Overreaction or reality: Reality

The Giants are well-coached by Brian Daboll and the coaching staff he put together. Mike Kafka is an innovator and creative play caller and Wink Martindale has transformed that defense into a unit that makes key stops and is always in position to make plays.

New York beat Green Bay despite having three healthy receivers on the active roster, a poor offensive line outside of Andrew Thomas, and a banged-up Daniel Jones. They also were down their top two edge rushers at the beginning of the year and two of their top four cornerbacks.

Can't fault the schedule. New York is 4-1 and will be a problem for many opponents throughout the year.

NFL Week 5 Sunday Scramble: Bills brilliant; Eagles, Cowboys shaping up for elite Week 6 showdown | CBSSports.com

Coach of the Week: Giants' Brian Daboll

Somehow, New York keeps doing it. This time, the G-Men traveled to London, got an efficient day from a banged-up Daniel Jones, stayed creative with Saquon Barkley, and knocked off Aaron Rodgers to get to 3-1. Daboll doesn't have elite personnel on either side of the ball, but he's gotten the best from just about everyone on the field.

NFL Week 5 takeaways - Lessons, big questions for every game | ESPN

What to know: Daniel Jones and the Giants really showed something. They rallied from down 14 in the first half against the Packers to post a huge upset victory, perhaps their best win since beating the Cowboys late in 2016. Jones did it while clearly not 100 percent (ankle) and despite a questionable supporting cast. If anything, it put his toughness on full display. Jones went 13-of-14 passing for 136 yards in the second half. He also rushed seven times for 37 yards, before kneeling with the ball late. Jones carried a Giants offense that had Marcus Johnson, Richie James, David Sills V and Darius Slayton at wide receiver. A monster effort.

Valentine’s View

Yes, Daboll is absolutely Coach of the Year after five games. No one has done more with less, or, to put a kinder way, gotten more out of what he does have than Daboll and his Giants coaching staff.

Will Daboll, who worked for this opportunity for more than two decades, end up as Coach of the Year.
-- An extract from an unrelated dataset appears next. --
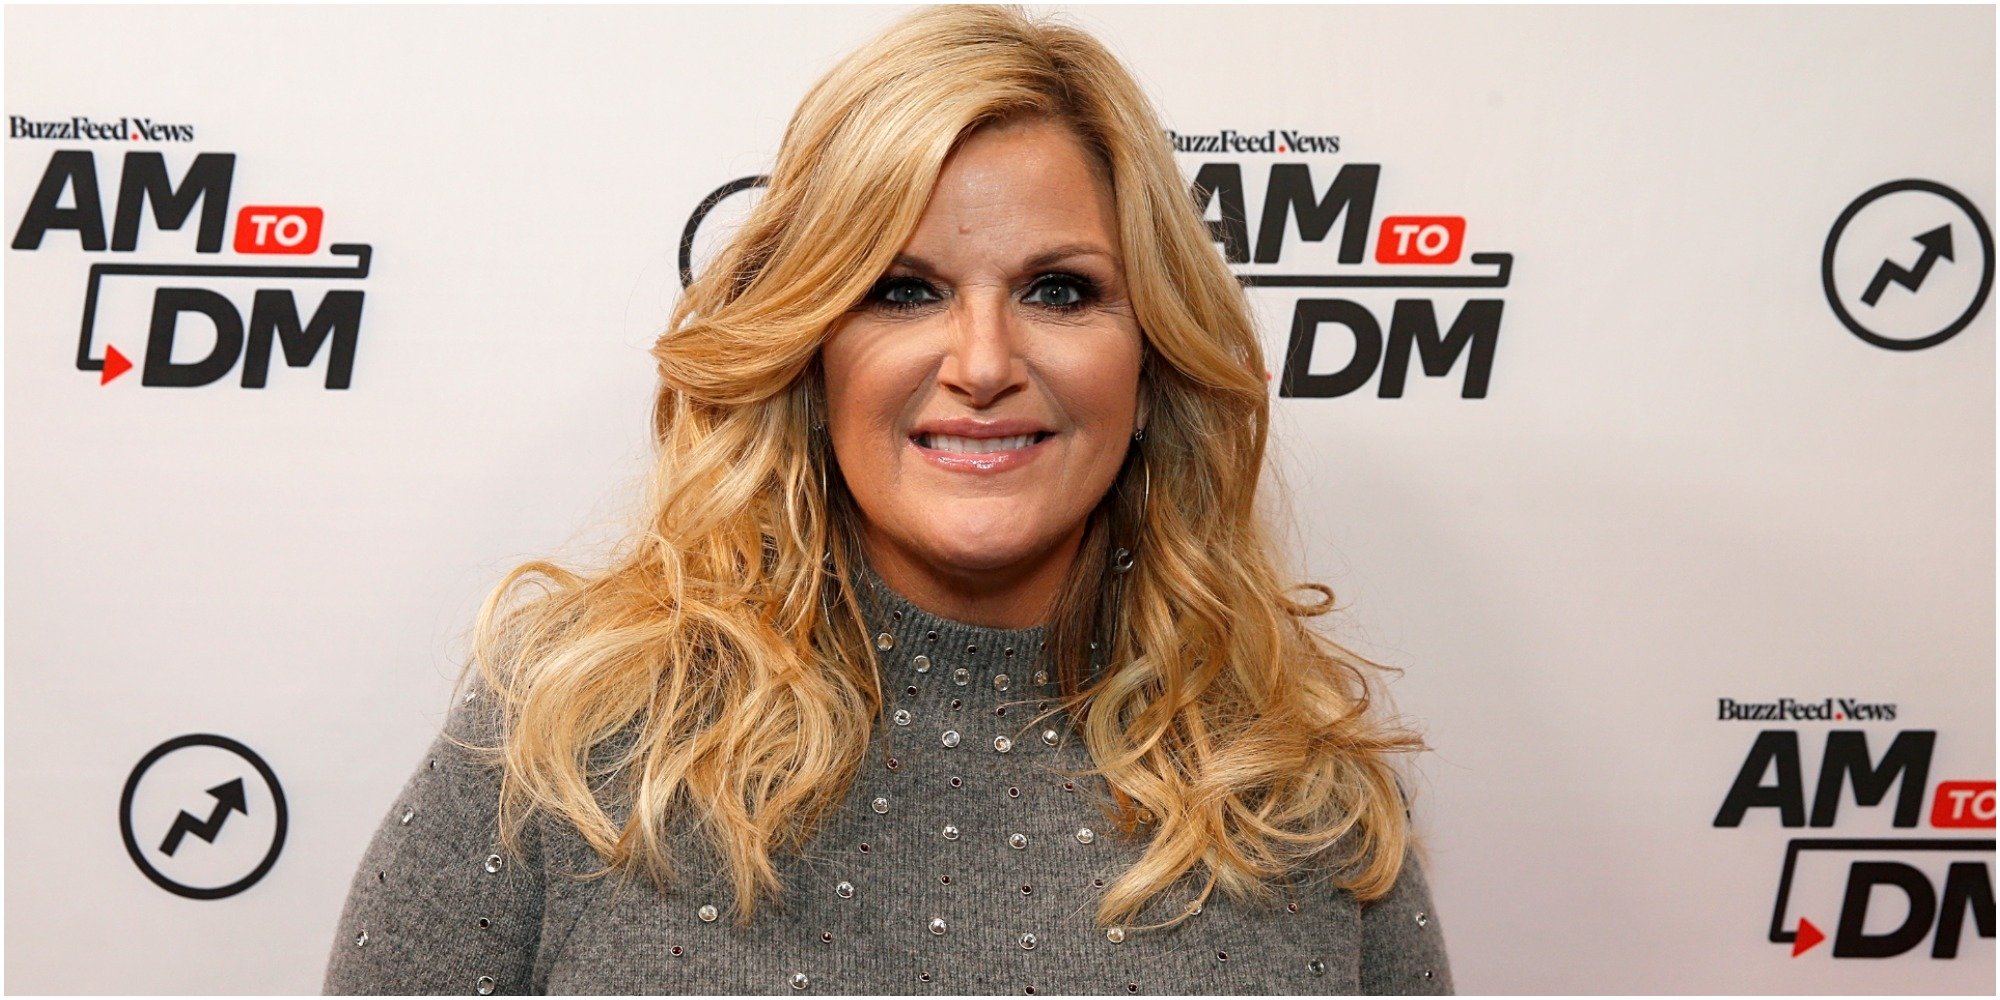 trisha yearwood poses at a red carpet event.
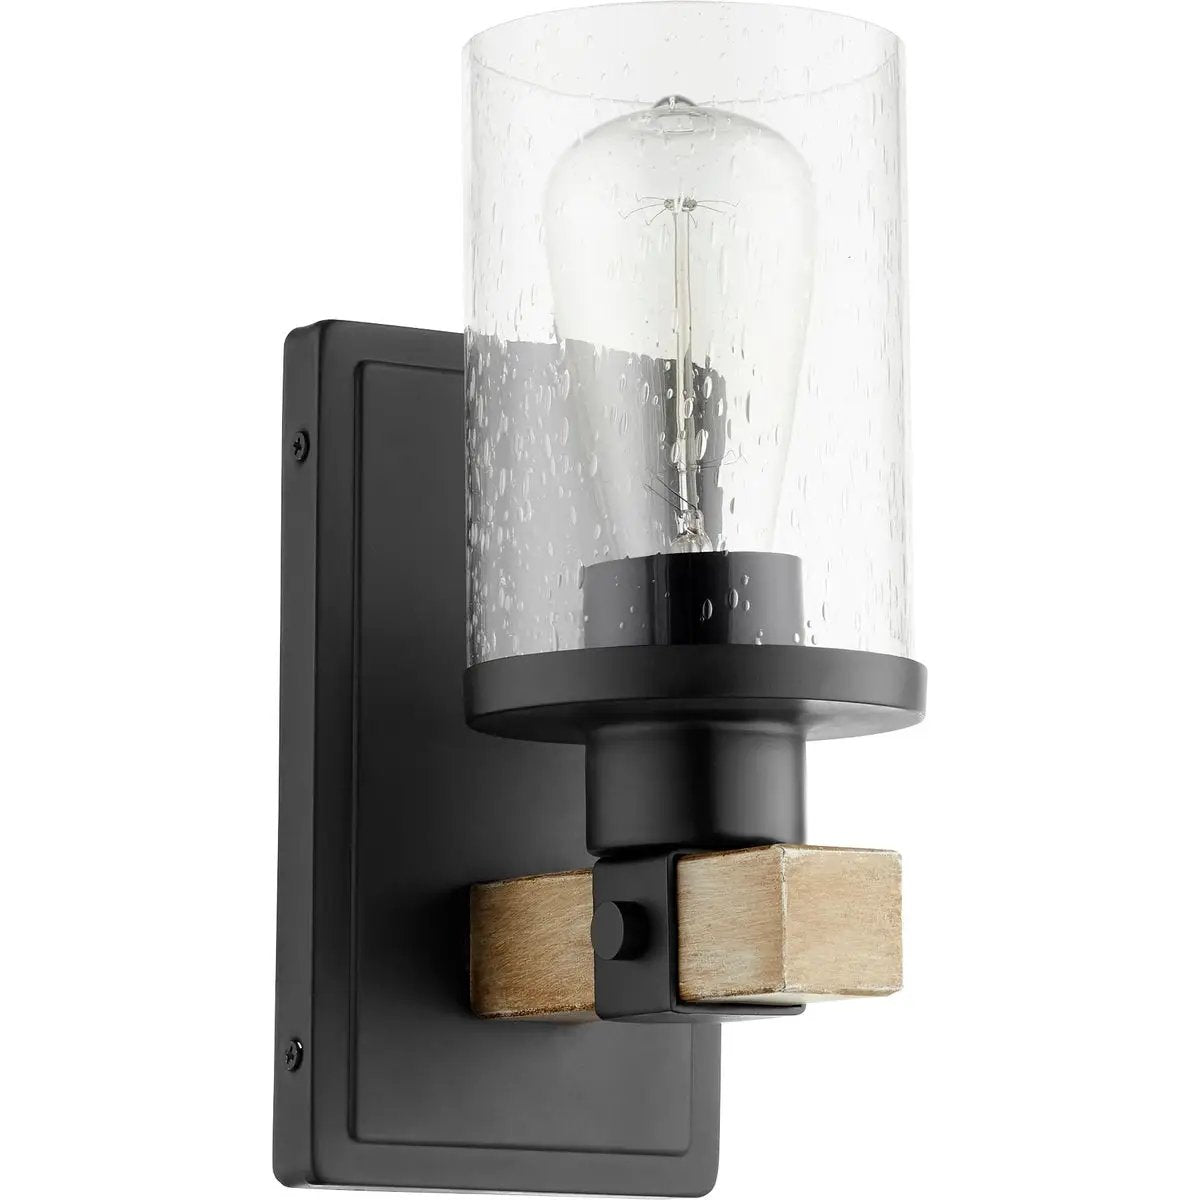 A modern farmhouse wall sconce with a clear glass diffuser, perfect for rustic style applications.

Who knows? There are 12 games to go and, as Daboll reminds over and over, adversity will come and you have to be able to deal with it.

Here is an amazing thing, though. If the Giants go 6-6 over their final 12 games, that’s a 10-win season. I know I have said over and over that this season is not really about winning. The way the Giants are playing, though, you have to think that’s possible.